Australian Bearded Dragon

How might some reptiles combat climate change? Gender flexibility “could be a powerful and, until now, unappreciated weapon in the arsenal of evolutionary responses to an unpredictable climate,” according to a new study in Nature.

Um, excuse me—gender flexibility? That’s right: “Sex determination in animals is amazingly plastic,” the paper goes on to say. For some fish, amphibians, and reptiles, sex can be determined by temperature. While these animals’ eggs incubate, the climate surrounding them can influence the gender of the hatchlings.

Scientists have observed this with lizards in the lab, and now, a team of researchers report that they’ve witnessed temperature-dependent sex determination among populations of Australian bearded dragons (Pogona vitticeps) in the wild.

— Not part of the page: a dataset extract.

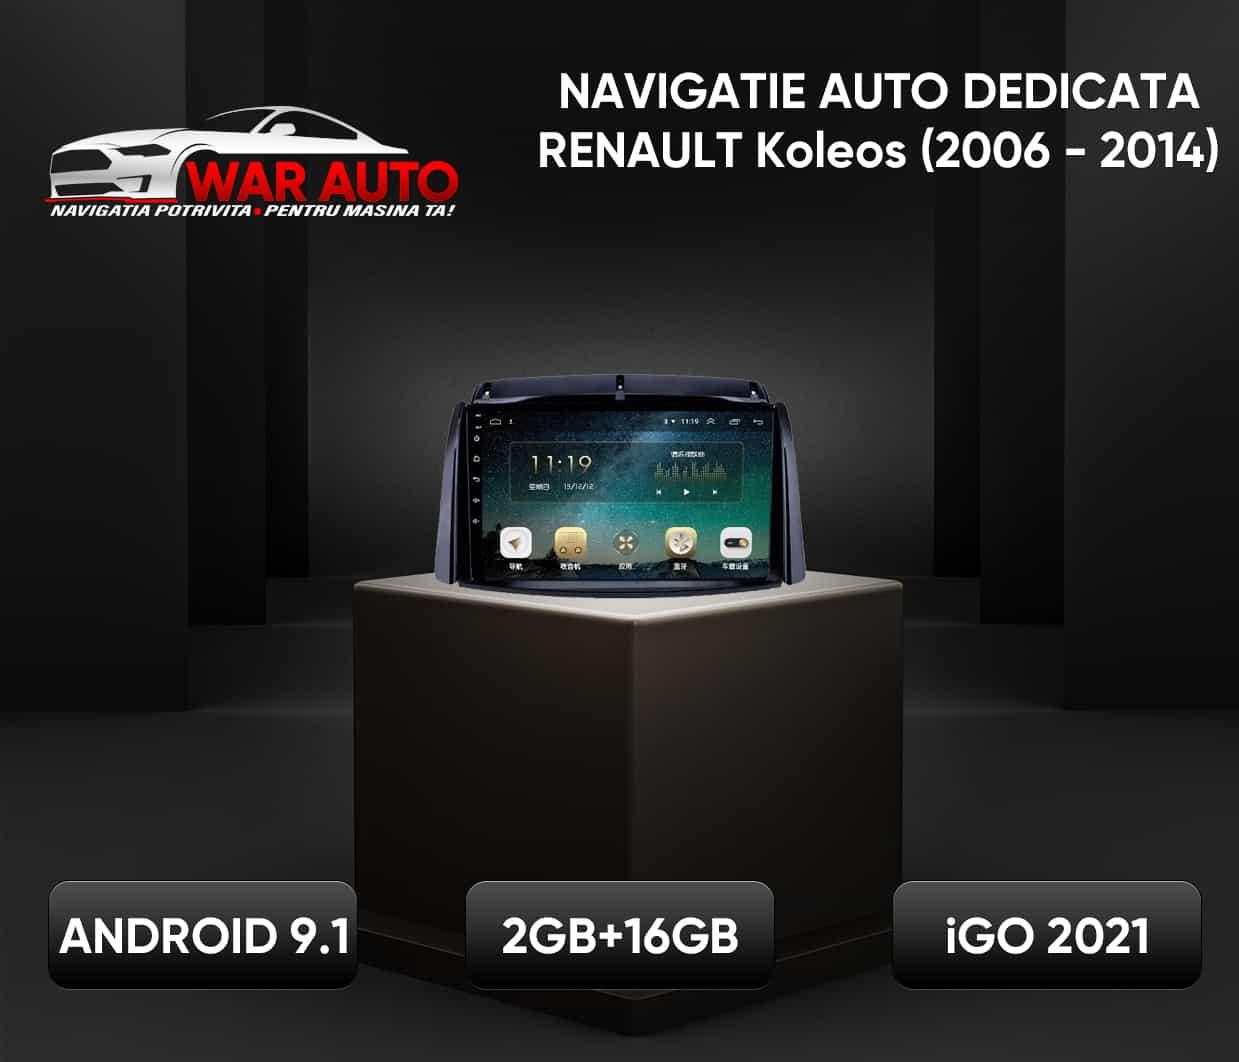 Navigatie Auto Dedicata Renault Koleos 7 inch

Using DNA sequencing technology, Clare Holleley, of the University of Canberra, and her colleagues studied 131 lizards within a fairly wide range in eastern Australia. They discovered 11 dragons in the northern-most—and warmest—region of the range that switched sexes before hatching. The dragons started out genetically male, but due to high temperatures as the eggs incubated, they switched to females.

These sex-changed females were completely fertile—in fact, more so than the genetically-determined females. The authors write, “Our extraordinary finding that sex-reversed females laid nearly twice as many eggs per year than normal… females of an equivalent age suggests an immediate fitness advantage…” This beneficial adaptation disappears, however, when the offspring hatch. The next generation of lizards has a higher propensity to switch genders in the eggs due to temperature—and most of these hatch as females.

So whether this ability will benefit the bearded dragons in the long run (with more offspring), or hurt them (not enough males to go around) is difficult to determine.

Let’s hope that gender flexibility proves to be a wise adaptation for these lizards as global temperatures rise.